For the past 15 years, Paul Koller’s voice was a regular feature at Hill-Murray High School hockey games.

Koller, or “Mr. Thursday” as he was known, sang the national anthem at every home game and was otherwise a fixture at Maplewood’s Aldrich Arena, home of his beloved Pioneers, whose successes and disappointments he followed for the better part of half a century.

But before that, he spent a career with 3M, lending a hand in the daring mission to repair the Skylab space station nearly five decades ago.
Koller died Nov. 15 at his assisted-living apartment in North St. Paul, surrounded by his children and their families. He was 94.

After college, Koller moved to Minnesota for a job with 3M, in its industrial tape lab. He stayed for the next 38 years. During that time, he worked on various special projects, including a small but valuable role in the 1973 Skylab mission to repair a heat shield that had been damaged during liftoff.

“If it wasn’t repaired, the Skylab module was going to overheat,” said his son, James Koller.

Running short on time and solutions, NASA put out a call for industrial tape specialists and other experts to devise ways to repair the solar shield, which protected the $2.5 billion orbiting laboratory from meteoroids and high temperatures. At 3M, Koller’s name was at the top of the list.

“When the chips were down, and they were asking people at 3M, ‘Who do we send?’ ‘Who do we talk to?’ ” James Koller recalled. “And 3M said, ‘Well the person you need to talk to is Paul Koller.’ ”

Koller was attending a son’s college graduation when he heard his name paged over the loudspeaker. It was all he could do to grab a couple boxes of experimental gold-backed tape — the kind used to repair airplane wings and able to withstand extreme temperatures and heavy winds — before catching a flight to Chicago, where a police escort whisked him to another plane bound for St. Louis.

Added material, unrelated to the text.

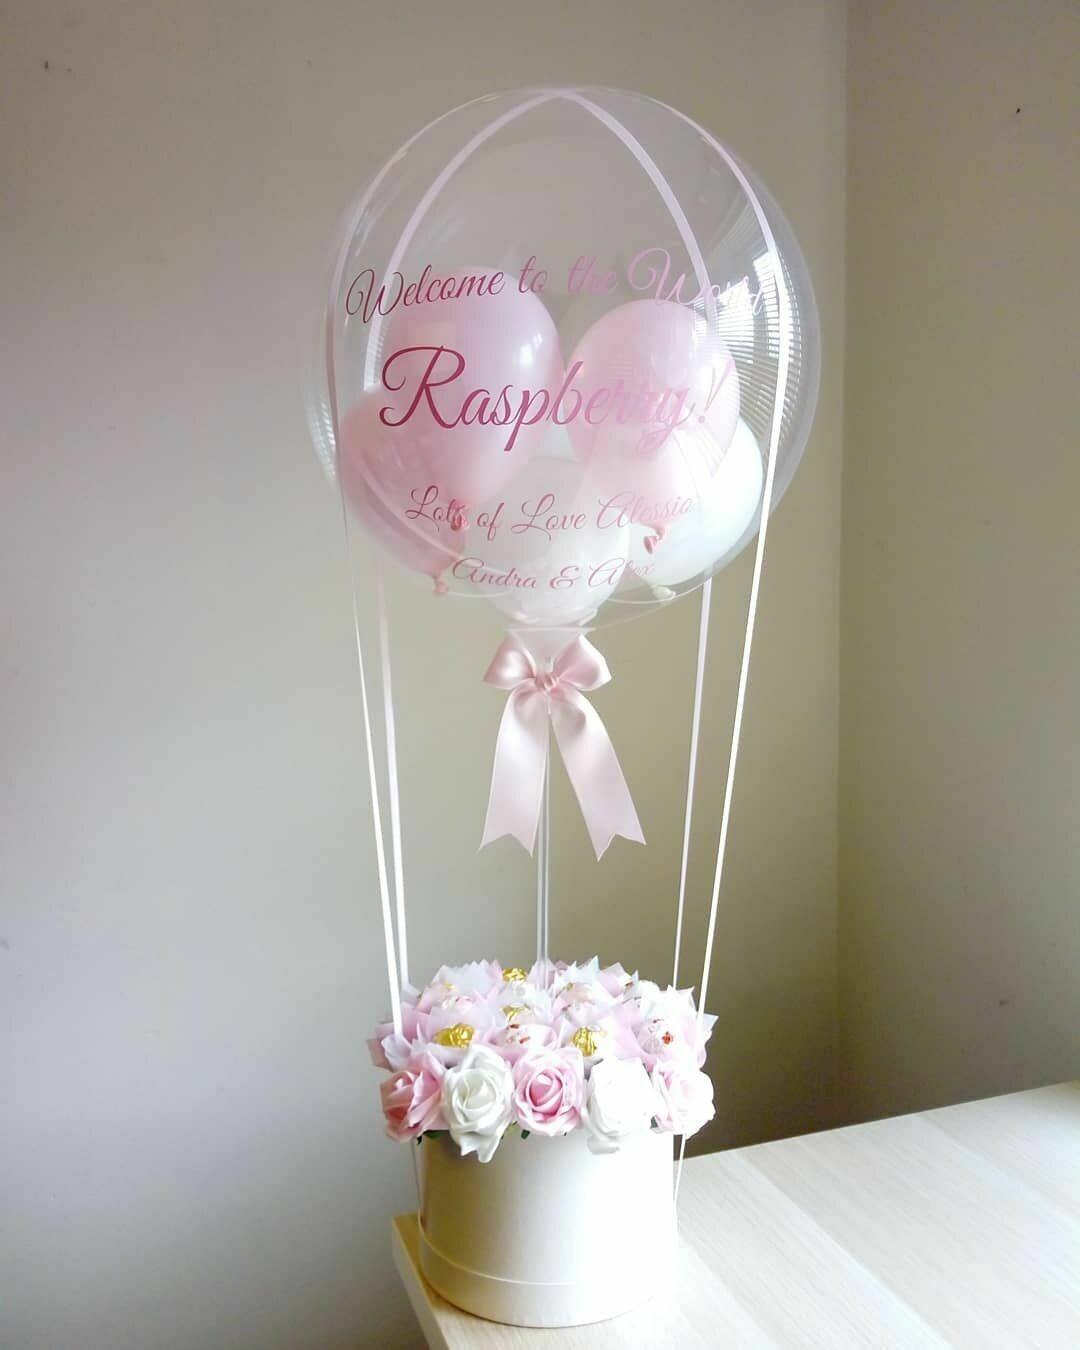 Hot Air Balloon and Flower Bouquet

The astronauts on the Skylab mission spent 28 days in orbit, the longest such space stay at the time, and landed back on Earth to a hero’s welcome. Koller, meanwhile, was one of the faceless many who worked behind the scenes to ensure the mission’s success.

Koller often spoke proudly of his humble beginnings, having grown up in Edgemont, a speck of a town in the Black Hills of South Dakota.

Koller, who earned a master’s degree in chemistry from the University of Detroit, married his wife of 60 years, Philomene, and later moved to Minnesota. They had seven children: five boys and two girls.

Helping others was his calling, Mary Koller said of her father. After retiring from 3M, he started volunteering wherever he could. That giving spirit eventually led him to Hill-Murray, where he worked in the attendance office and the athletics department, she said.

“People just got used to seeing him around, and he was only around on Thursdays,” Mary Koller said.

In 2013, the school honored him with the Lasallian award, given to faculty, staff and volunteers, both past and current, who “embody the charisms of our founding religious orders.”

Weeks after his death, a group of current hockey players showed up unexpectedly at his wake to honor “one of our greatest fans,” posing for a photo in front of a poster of Koller, dressed in his trademark green and white Pioneer sweater, a gift from a daughter-in-law. For the rest of the 2018-2019 season, the team will wear special helmet decals with his initials, “PK.”

Koller is survived by his brother James; children Paul, Mary, Karen, Peter, Joseph, James and Karl; 15 grandchildren and one great-grandson.

He is buried at St. Mary’s Cemetery in North St. Paul.